Autor(en) Information:

Der Schöpfer von James Bond, geboren 1908 in London, wurde mit Beginn des Zweiten Weltkriegs selbst zum Geheimdienstler der britischen Krone. Wenn also auch vieles von dem, was man in der James-Bond-Romanreihe - die 1953 mit Casino Royale begann und bereits vor dem ersten Film "James Bond jagt Dr. No" (1962) begeistert rezipiert wurde - liest, eindeutig in den Bereich der Fiktion gehört, kann das doch nicht über den wahren Kern mancher Episoden und Verweise hinwegtäuschen. Überhaupt lassen sich nicht nur zahlreiche Anspielungen auf das weltpolitische Konfliktpanorama der ersten Nachkriegsjahrzehnte, sondern auch deutliche Parallelen zwischen dem Schriftsteller und seiner Figur feststellen: So flog Fleming schon in jungen Jahren zweimal aufgrund von "Mädchengeschichten" von der Schule, und auch Flemings Reisen durch ganz Europa als Korrespondent für diverse Zeitungen spiegeln sich in der kosmopolitischen Ader des stets mit neuester Spionagetechnik und ebenso schlagfertigen Sprüchen ausgestatteten Globetrotters wider, der seinen Lieblingsdrink geschüttelt und nicht gerührt wünscht.
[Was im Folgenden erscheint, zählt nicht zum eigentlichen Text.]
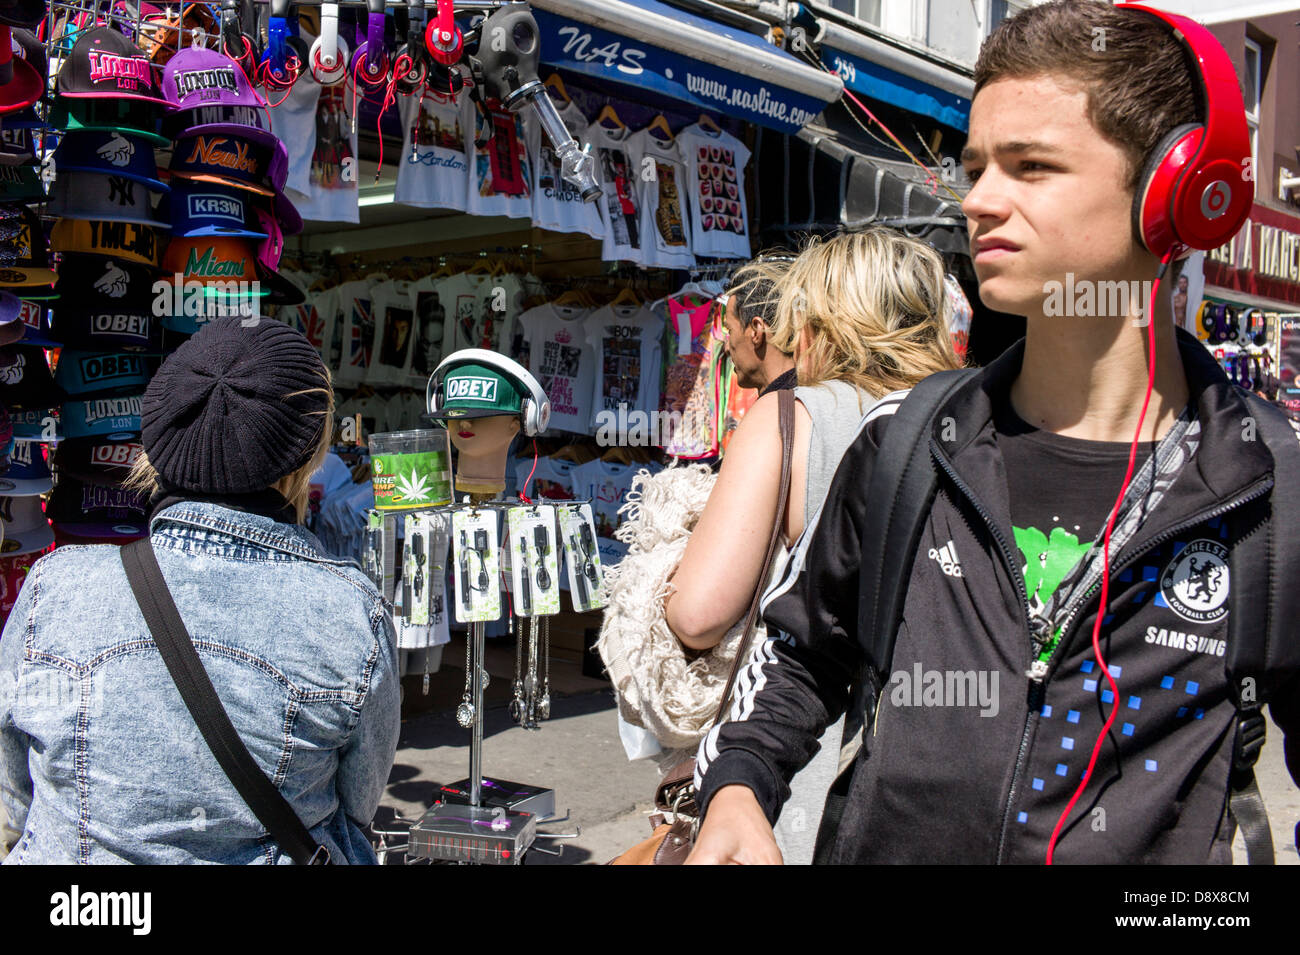 Londres, Reino Unido, Camden Town, el mercado de Camden, joven, hombre, usando audífonos, y turista, compradores, mirando los puestos de mercado Foto de stock

Bevor Fleming 1964 verstarb, veröffentlichte er neben diversen anderen Büchern zwölf Romane und zwei Kurzgeschichten-Sammlungen mit dem Titelhelden James Bond und konnte noch die Premieren und den Erfolg der beiden ersten Filme genießen, in denen Sean Connery als erste Personifikation des Kultagenten seinen ultimativen Karrieredurchbruch erlebte.